Shepherd isn’t used to being harassed—he’s six feet tall, and strong, weighing more than 200 pounds. So he turned back around and kept walking. But the shouting followed him, growing louder, closer, more aggressive. Shepherd’s annoyance turned to agitation—he turned around, telling the man to fuck off, to get away from him. Dismounting from his bike, the man walked towards Shepherd.

“I had about five seconds to either fight or flight. And I sized him up and I realized, well, I can run from this man, but he has a bike and he’s just going to chase me down. Or I can stand my ground.”

So he did. The man lunged at Shepherd, still shouting slurs, and a fight ensued—Shepherd hitting back with his umbrella, calling for help, asking passersby on the trail to intervene. No one did. The fight wasn’t longer than five minutes, though in the moment, “it felt like it was going on forever.” It was only after Shepherd was able to punch the man in the face, drawing blood, that the two separated.

Shepherd knew he needed to call the police. What had happened, he was realizing, could very well be considered a hate crime. He could see, to his confusion, that the man was already dialling 911. The two men, just a few yards apart, each called the police.

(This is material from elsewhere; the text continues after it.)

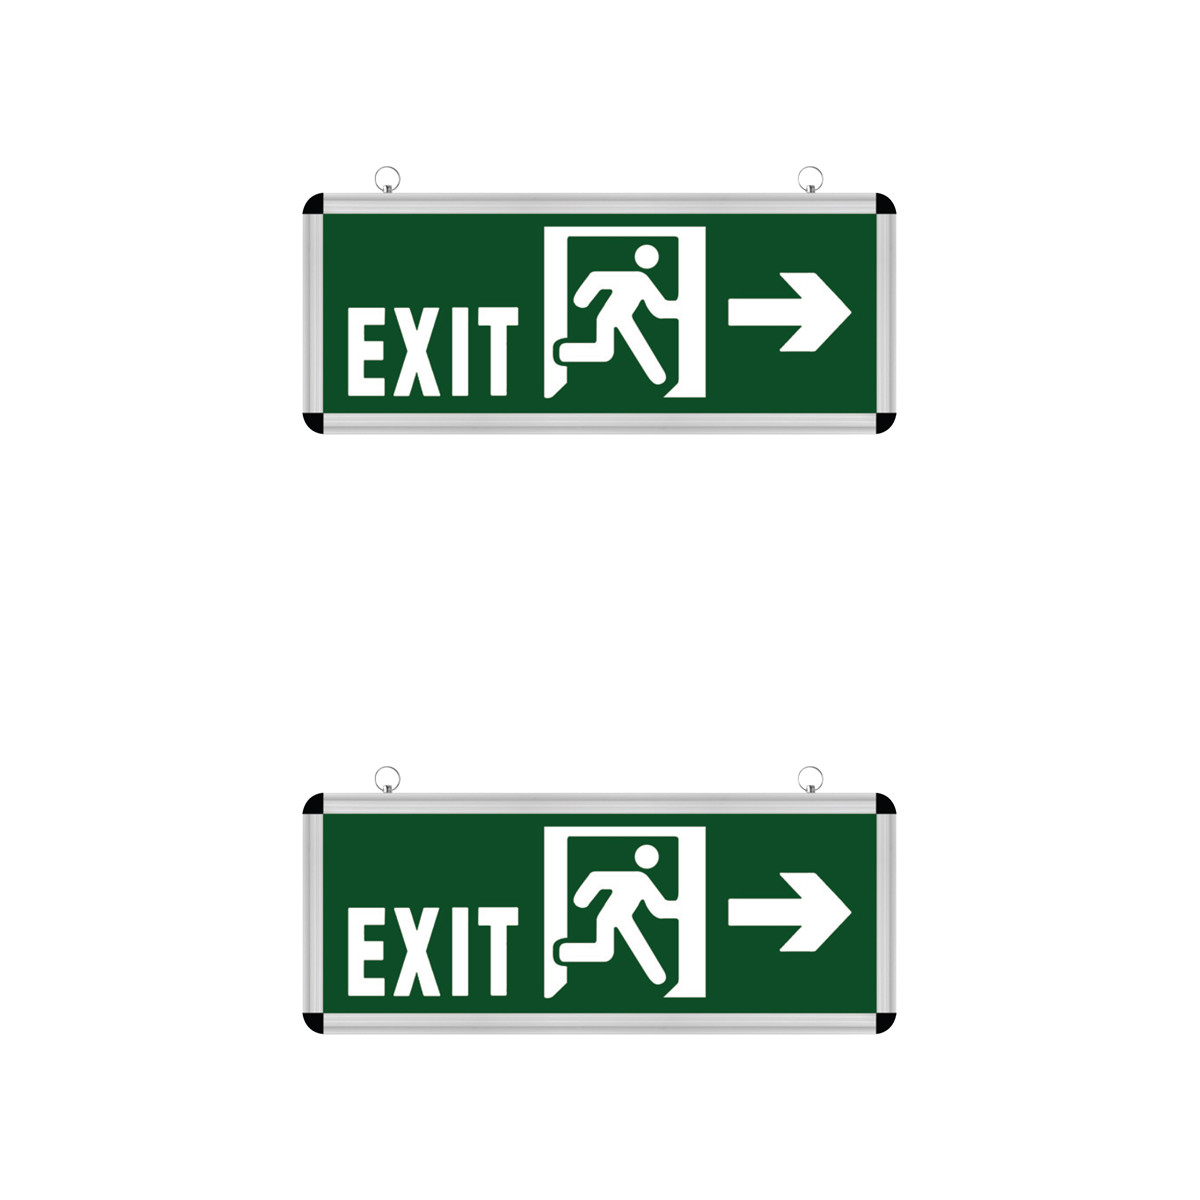 LED Noodverlichting Exit - 2 Pack - Rabonta Links/Rechts - Hangend - 3W

Ten minutes went by, and firefighters arrived, checking them both for injuries. Another 25 minutes passed with no sign of the police. Without a word, the man who assaulted him got on his bike and rode away. The firefighters told Shepherd that judging from the amount of time that had passed, it was unlikely anyone was coming. They told him to go home.

Shepherd waited on the trail another 20 minutes while his friend brought him a new shirt—his had been torn up during the fight—and in all that time, the police never arrived. To this day, they haven’t followed up, despite Shepherd’s cousin tagging the Toronto Police Service (TPS) Twitter account in a widely-circulated thread about the incident.

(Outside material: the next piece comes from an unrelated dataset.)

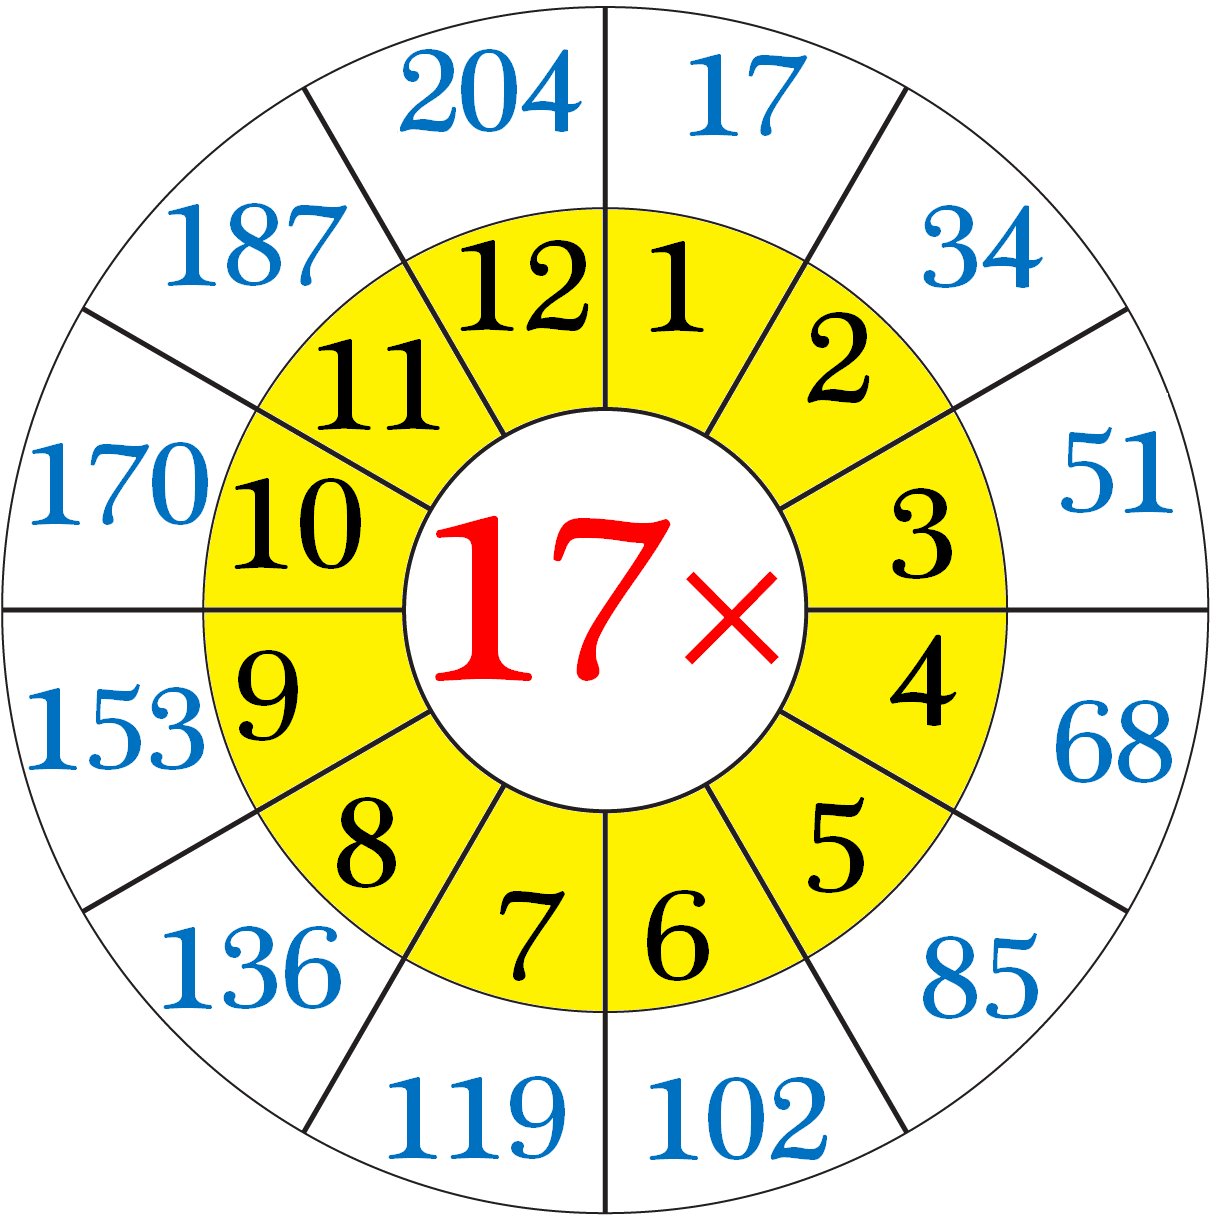 Worksheet On Multiplication Table Of 17

“This is our taxpayers’ dollars at work,” Shepherd says. “It’s disheartening, it’s upsetting, and it doesn’t make sense. Why are we putting so much money and trust into a system that continuously fails, over and over and over again?”

That failure is systemic. A June report by Toronto’s Auditor General found that TPS’s response time to a Priority 1 emergency—the most urgent calls they receive, involving existing or imminent harm, like a shooting, ongoing assault, break-in, or a person with a weapon—has averaged between 15 and 20 minutes for the past five years. Priority 2, in which the threat of loss of life or injury is still imminent, has an average response time of between 40 and 50 minutes. The target response times for these calls, set by the Toronto police themselves, is 6 minutes, a goal the police are failing to meet in the vast majority of cases. And the wait times only grow from there, reaching 300 minutes or more on less urgent calls.

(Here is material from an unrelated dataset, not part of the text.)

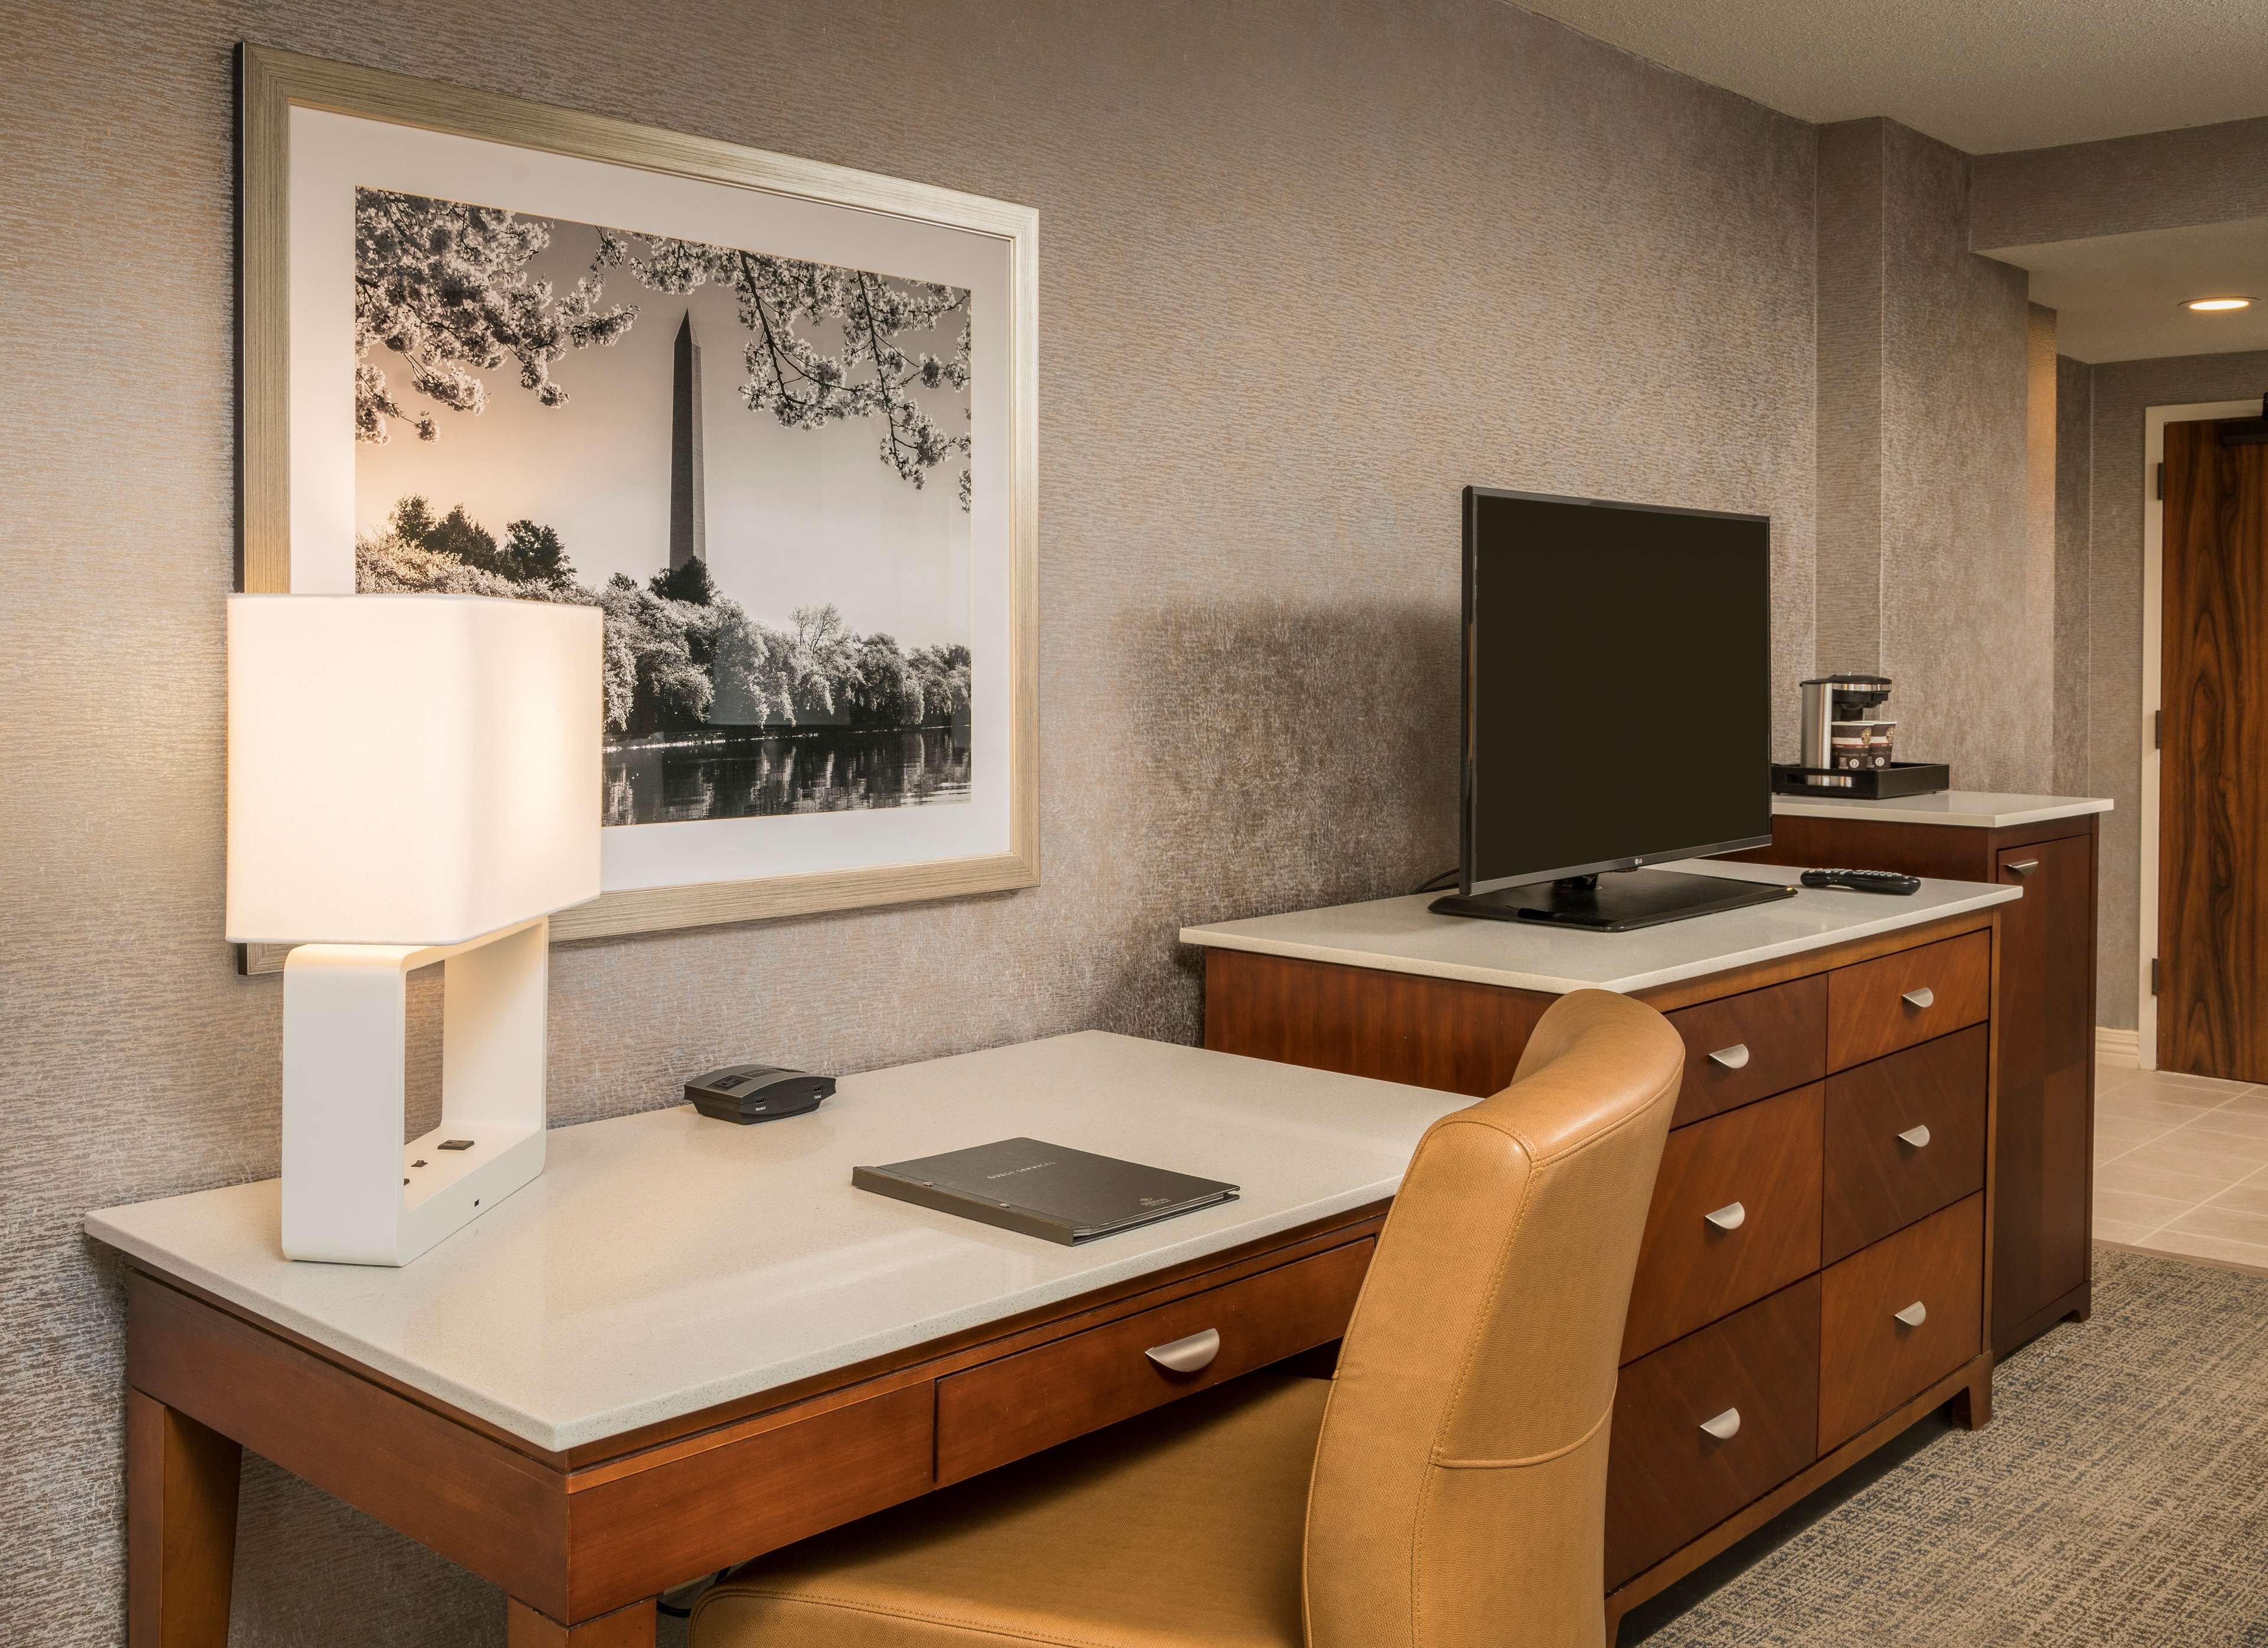 Hilton Washington DC/Rockville Hotel & Executive Meeting Ctr image 41

The police are one of the most heavily funded public services in Toronto, taking up a mammoth $1.1 billion in 2022, consistently hovering around one-tenth of the city’s total operating budget in recent years. On an average Toronto property tax bill, more money is directed towards Toronto’s policing budget than any other single line item. Why, then, are they failing in one of their fundamental responsibilities—to respond when people need them?

The failure is the result of a series of cascading crises: a lack of adequate social services, public over-reliance on the police, the inequitable and skewed priorities of law enforcement, and the unwillingness of city council to divert funding to where it could do more good. The TPS police budget costs the city a lot—and the inefficacy of the police force is costing Toronto residents even more.

When you call the police, you expect them to answer—it’s the first thing many people are taught about emergency response. But more and more people in the city are finding otherwise. The Local spoke with Torontonians who have been left waiting hours during potentially life-altering events like break-ins, assaults, domestic disputes, overdoses, and mental health crises.

Philip Mills, a Scarborough resident and father of two, experienced a domestic incident in which he worried for the well-being of not only himself but multiple children in the house. When he called the police, firefighters showed up first, arriving within 15 minutes. The aggressor in the incident, a family member, took this as an opportunity to continue threatening Mills. “They’re not here to protect you,” he yelled. “They can’t.” The police didn’t arrive until three hours later.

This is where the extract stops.